I got to see what can only be described as a "photo pour." A editor works in a smallish room with her two assistants as if sitting on a rope bridge over an Andean river gushing fat with spring run off. The photos pass before her in the thousands. She is charged with making choices that she will pass upward to her editor, the editor of Allure Magazine.
I felt like shouting, "What about that one? Hey, what if you missed that one!" Ok, sure, I suffer Monk-like indecision. ("These socks or these ones?") So this is bound to impress me. But as the photos poured past us, my anxiety grew. How can the editor be sure she doesn’t want that batch. And more pressingly, how can she spot the one photo she wants as it races by? The ratio of churn to choice must be something like 2000 to 1. How can she know?

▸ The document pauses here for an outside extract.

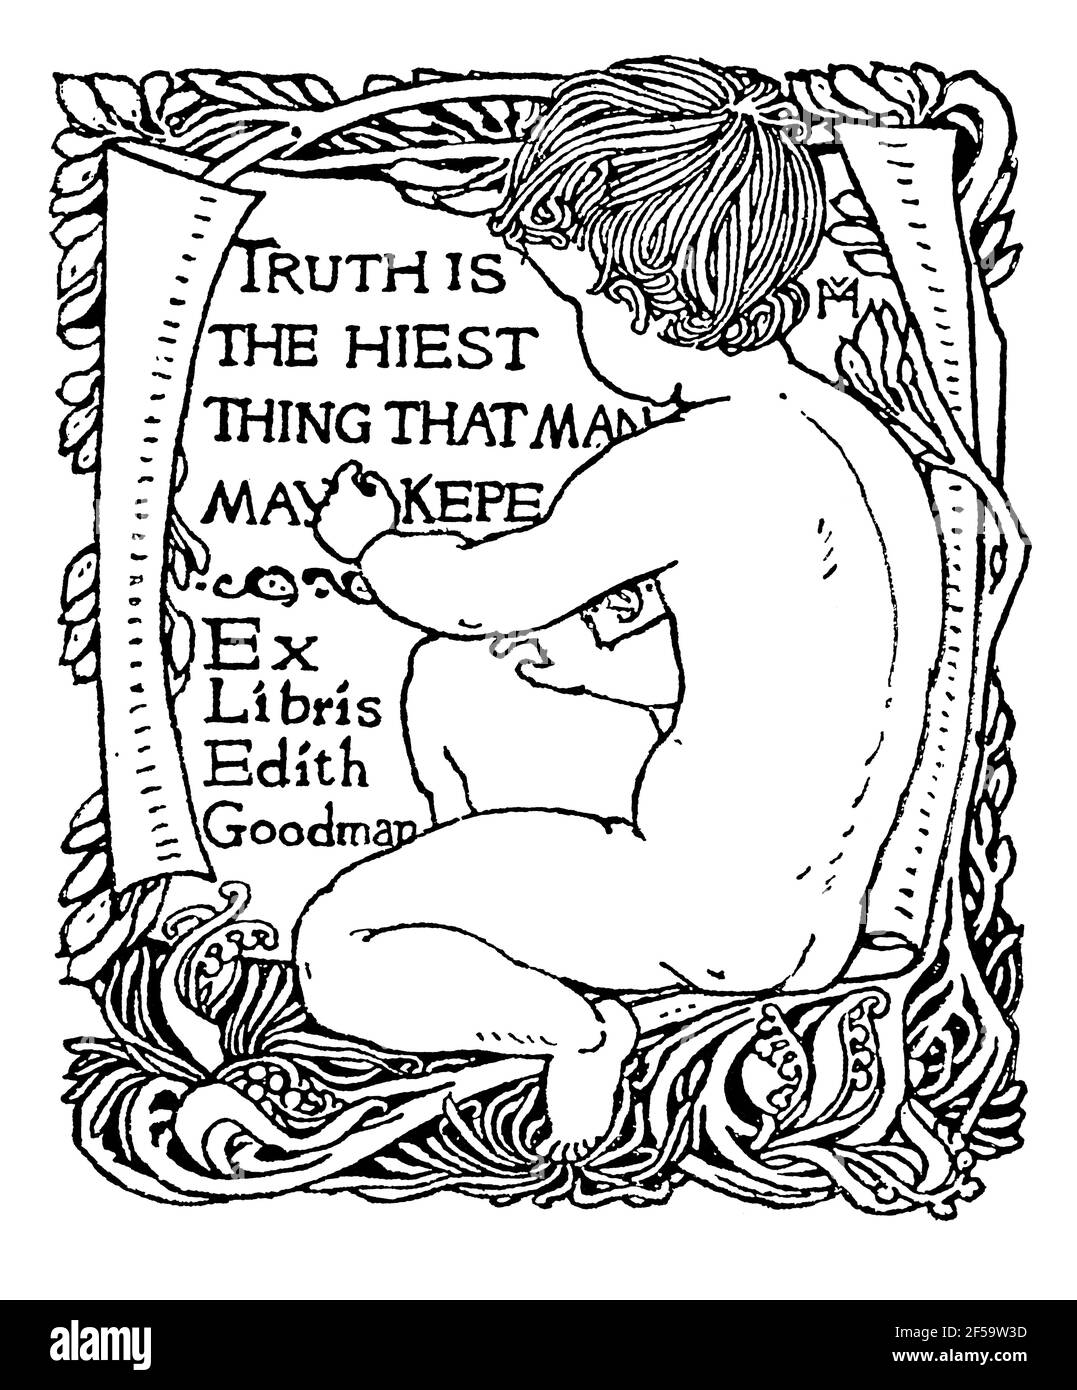 Truth is the hiest thing that man may kepe bookplate for Edith Goodman by English artist and book illustrator Violet Holden Stock Photo

Yes, maybe it’s a matter of Gladwell’s Blink. It is also a matter of Bateson’s Ecology of the Mind. This editor’s powers of pattern recognition are porous. She has been trained, prepped by her editors, and recalibrating by last night’s 60 Minutes and this morning’s New York Times. Conscious choices are constantly being fed into the unconscious field. Most blinks start as a wink (and an editorial nod) from someone or something. This editor is programmed and self programming.
What’s weird is that the editor is not just choosing good photographs. The photos she choses have the ability to arrest our attention and program us. Ah, yes, that photo captures the celebrity of the moment, and exactly how and why she is the celebrity of the moment. Ah, here’s a photo that captures the trend that matters now, and yes, that photo helps show me what makes the trend compelling. This editor is choosing photographs that diminish the noise of contemporary culture and make good on every Conde Nast magazine’s promise: that the reader is now a little more calibrated, a little more part the loop, and a little less overwhelmed by the Andean rush of contemporary life. By choosing photographs, this editor is, in a much better than trivial sense, choosing us.
The Frank Gehry cafeteria was a revelation of its own. As if to satisfy my fondest hope of a celebrity sighting, there at the "first table" was Anna Wintour, the editor of Vogue. As luck would have it, Ms. Wintour was surveying the room. Now it was in the Renaissance, a very big deal for anyone at court, to fall, even for a moment, within the gaze of a monarch. Did I pass muster? Hard to know. For the record, I was wearing a black mock turtle neck, gray flannel pants, while carrying a briefcase, a green apple and a bottle of Root beer. I wish now that I had been juggling the latter but you can’t have everything. But I feel certain I made an impression. I mean who wears gray flannel pants these days?
The restaurant is a kind of cafeteria, a good cafeteria to be sure, the best company food in the city, so they say at Conde Nast. And this means that people have to stand in line. And this means they have plenty of time to scope one another out. This is a "gaze economy" of major proportions.
It’s a slightly anxious place, because a) everyone looks fabulous, except of course your devoted anthropologist and, b) they are engaged in the activity that threatens their fabulousness, eating. This is a world in which a carrot stick counts as calorie loading.
Design to the rescue. Or at least Mr. Gehry to the rescue. As you leave the cafeteria, you pass a running, reflective wall that makes you look 10 pounds lighter. (This photograph, above, captures the line of the wall, but it has now been resurfaced with something silvery.) I will tell you in my mock turtle neck and my gray flannel pants, I had an anti-narcissistic moment, I can tell you, and resolved then and there to lose twenty pounds and ditch the flannels. I mean, really, who is that guy?